[EXERCISE AIM] After locating the line that contains "This comic is", transcribe exactly that line and each one after it until the data ends, skipping pictures.

** Opening DATASET EXCERPT block **

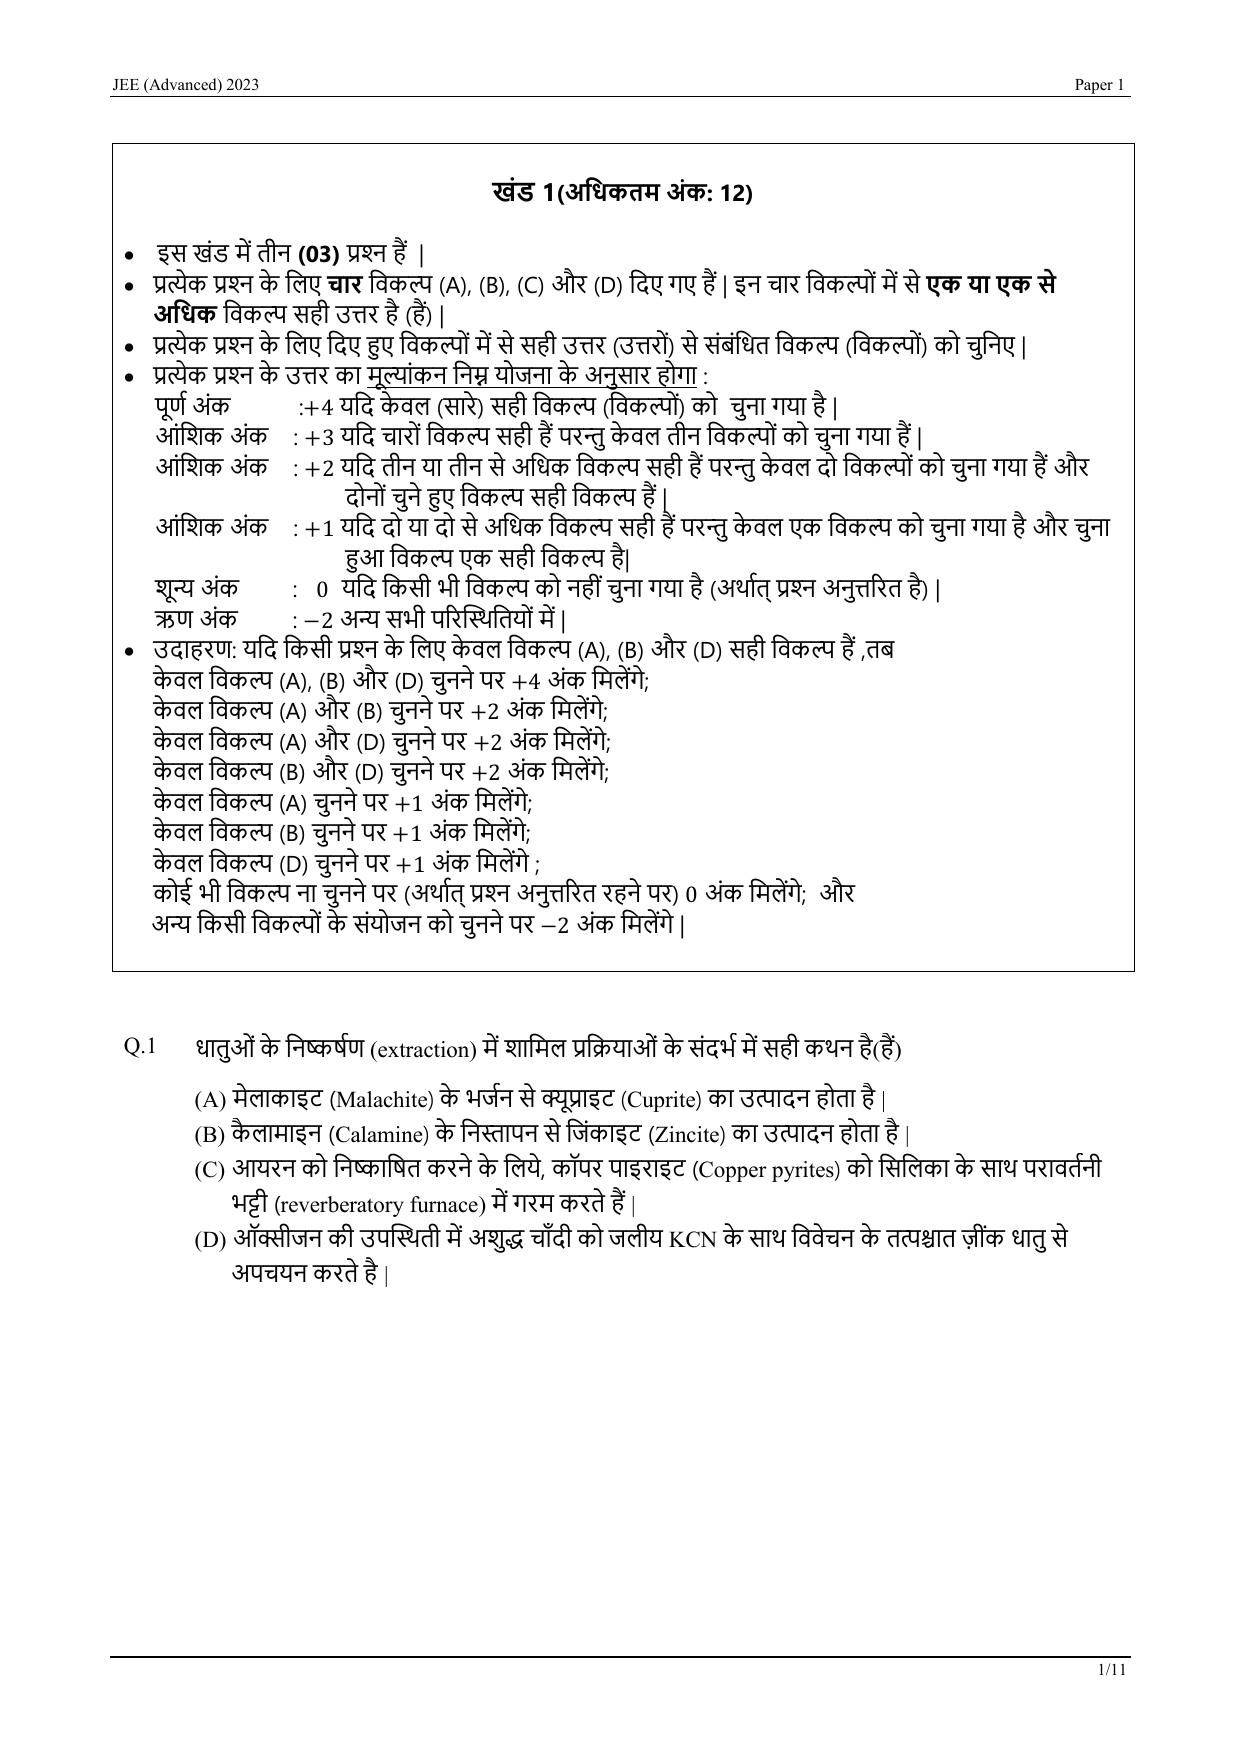 JEE Advanced 2023 Question Paper 1 (Hindi) - Page 21
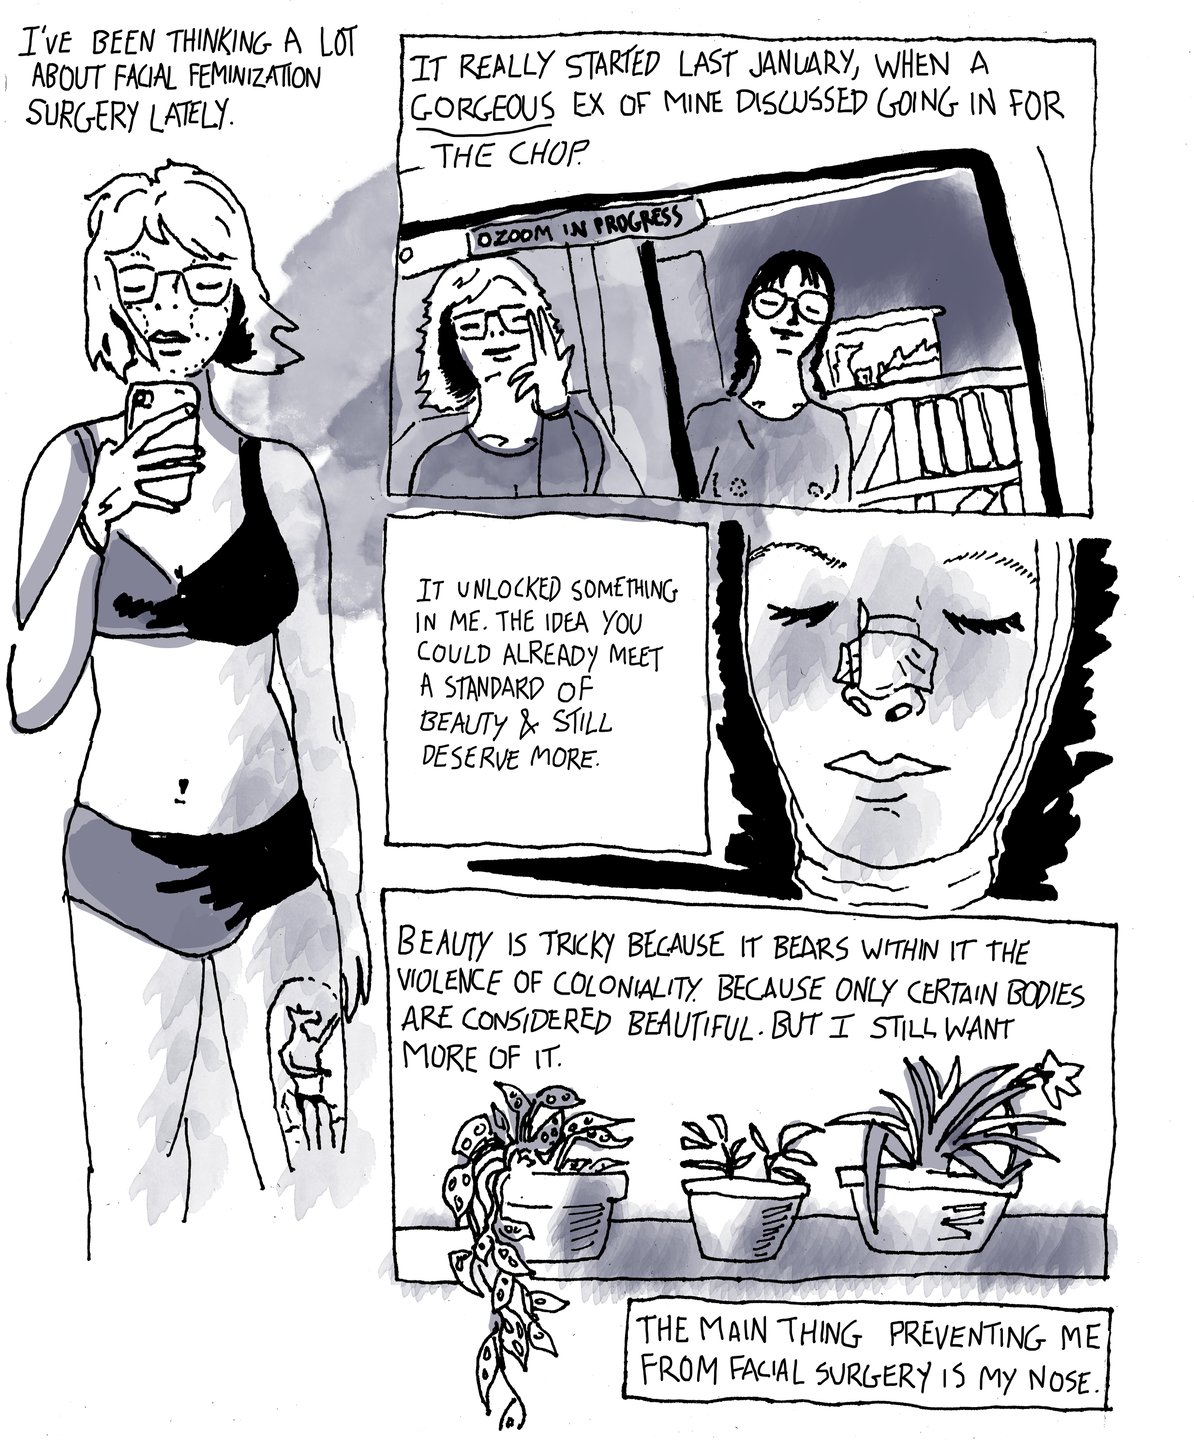 This comic is drawn in black and white with ink and watercolor. The text is handwritten. The comic style is realistic but stylized. It is split up into pages and panels within each page. Page one, panel one: a black and white drawing of Zefyr (she/they) in a bikini or bra and underwear. In it, her hair is chin-length and she has glasses. They are holding a phone. The text reads, “I’ve been thinking a lot about facial feminization surgery lately. Panel two: a drawing of a zoom between two people. The text reads, “It really started last January, when a gorgeous ex of min discussed going in for the chop. Panel three: A close-up drawing of Zefyr’s face wrapped in gauze with a bandage over their nose. The text reads, “It unlocked something in me. The idea you could already meet a standard of beauty and still deserve more.” Panel four is of three house plants in pots. The text reads, “ Beauty is tricky because it bears within at the violence of coloniality. Because only certain bodies are considered beautiful. But I still want more of it. The main thing preventing me from facial feminization surgery is my nose.”
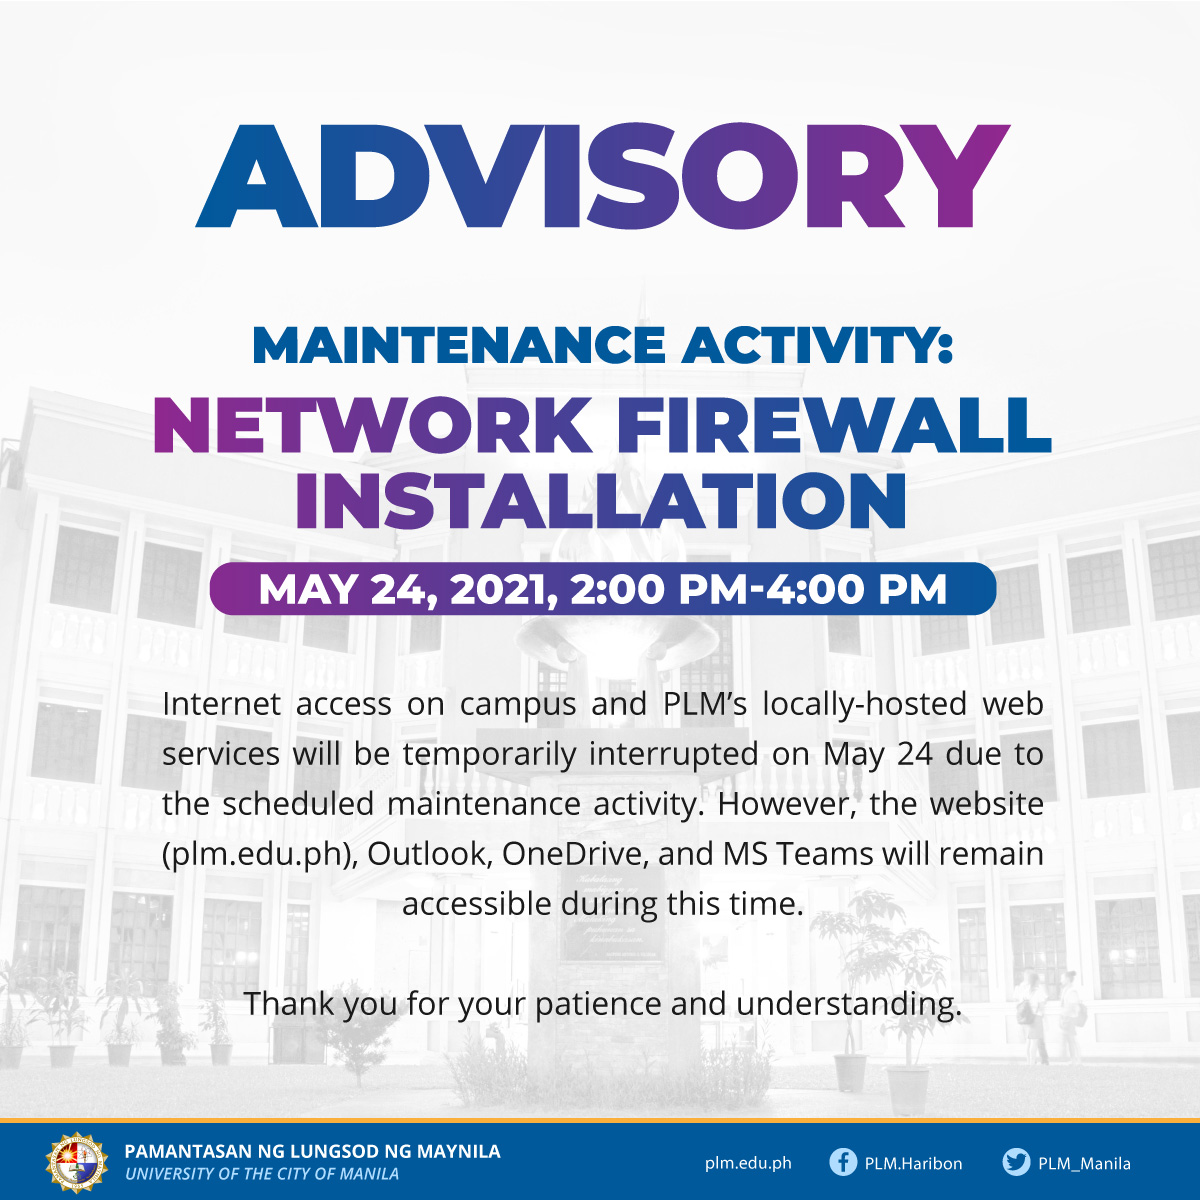 Scheduled network maintenance on May 24, 2021
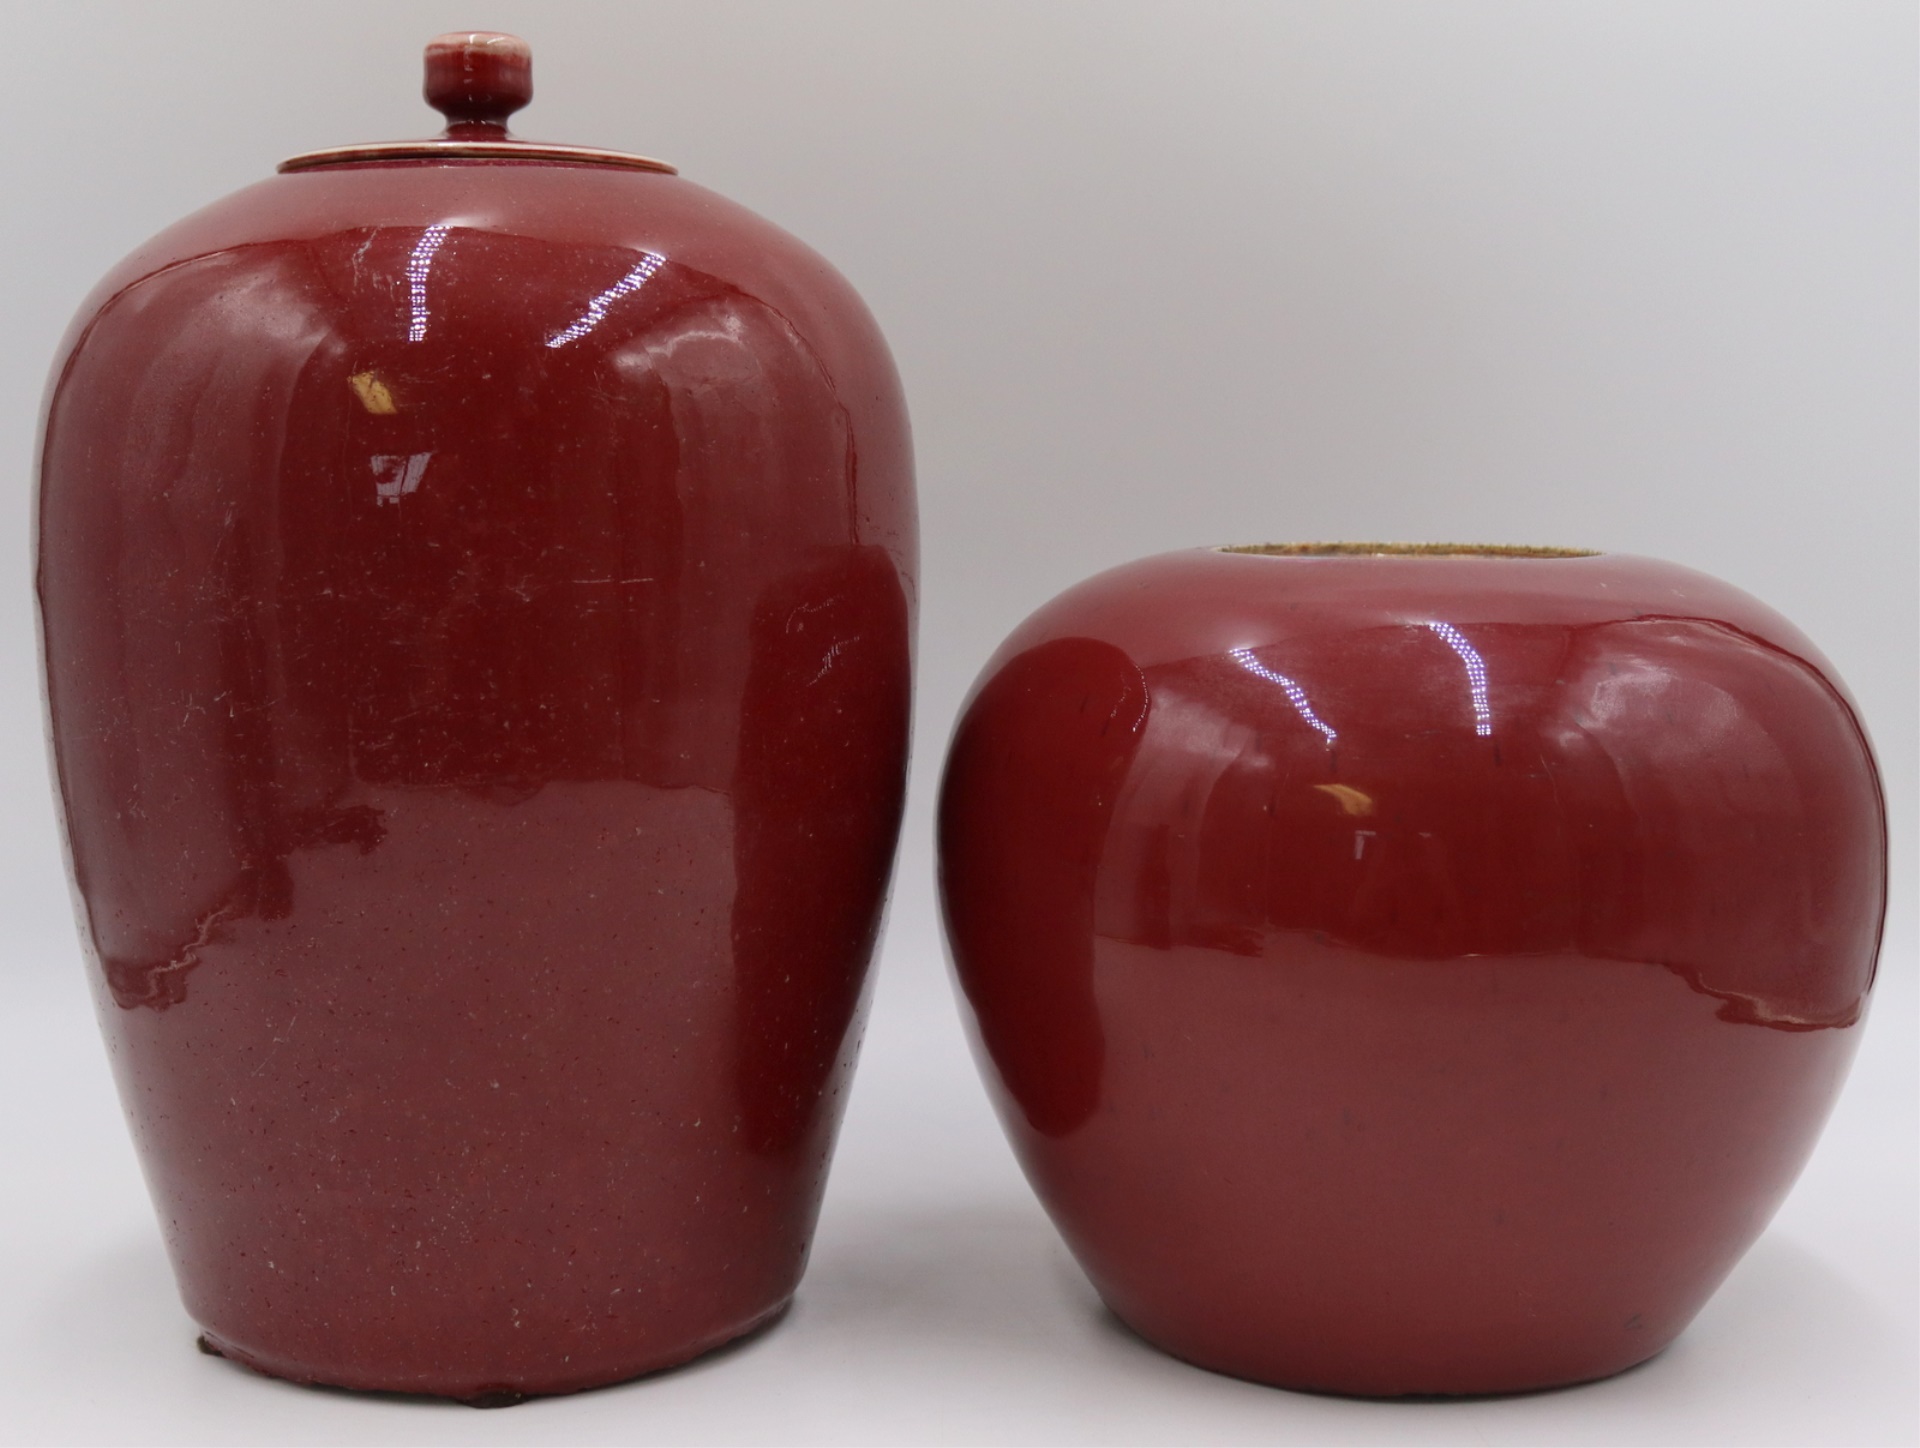  2 19TH C CHINESE FLAMBE VASES  3bde70

** Closing DATASET EXCERPT block **

[EXERCISE SOLUTION]
 This comic is drawn in black and white with ink and watercolor. The text is handwritten. The comic style is realistic but stylized. It is split up into pages and panels within each page. Page one, panel one: a black and white drawing of Zefyr (she/they) in a bikini or bra and underwear. In it, her hair is chin-length and she has glasses. They are holding a phone. The text reads, “I’ve been thinking a lot about facial feminization surgery lately. Panel two: a drawing of a zoom between two people. The text reads, “It really started last January, when a gorgeous ex of min discussed going in for the chop. Panel three: A close-up drawing of Zefyr’s face wrapped in gauze with a bandage over their nose. The text reads, “It unlocked something in me. The idea you could already meet a standard of beauty and still deserve more.” Panel four is of three house plants in pots. The text reads, “ Beauty is tricky because it bears within at the violence of coloniality. Because only certain bodies are considered beautiful. But I still want more of it. The main thing preventing me from facial feminization surgery is my nose.”
 Scheduled network maintenance on May 24, 2021
  2 19TH C CHINESE FLAMBE VASES  3bde70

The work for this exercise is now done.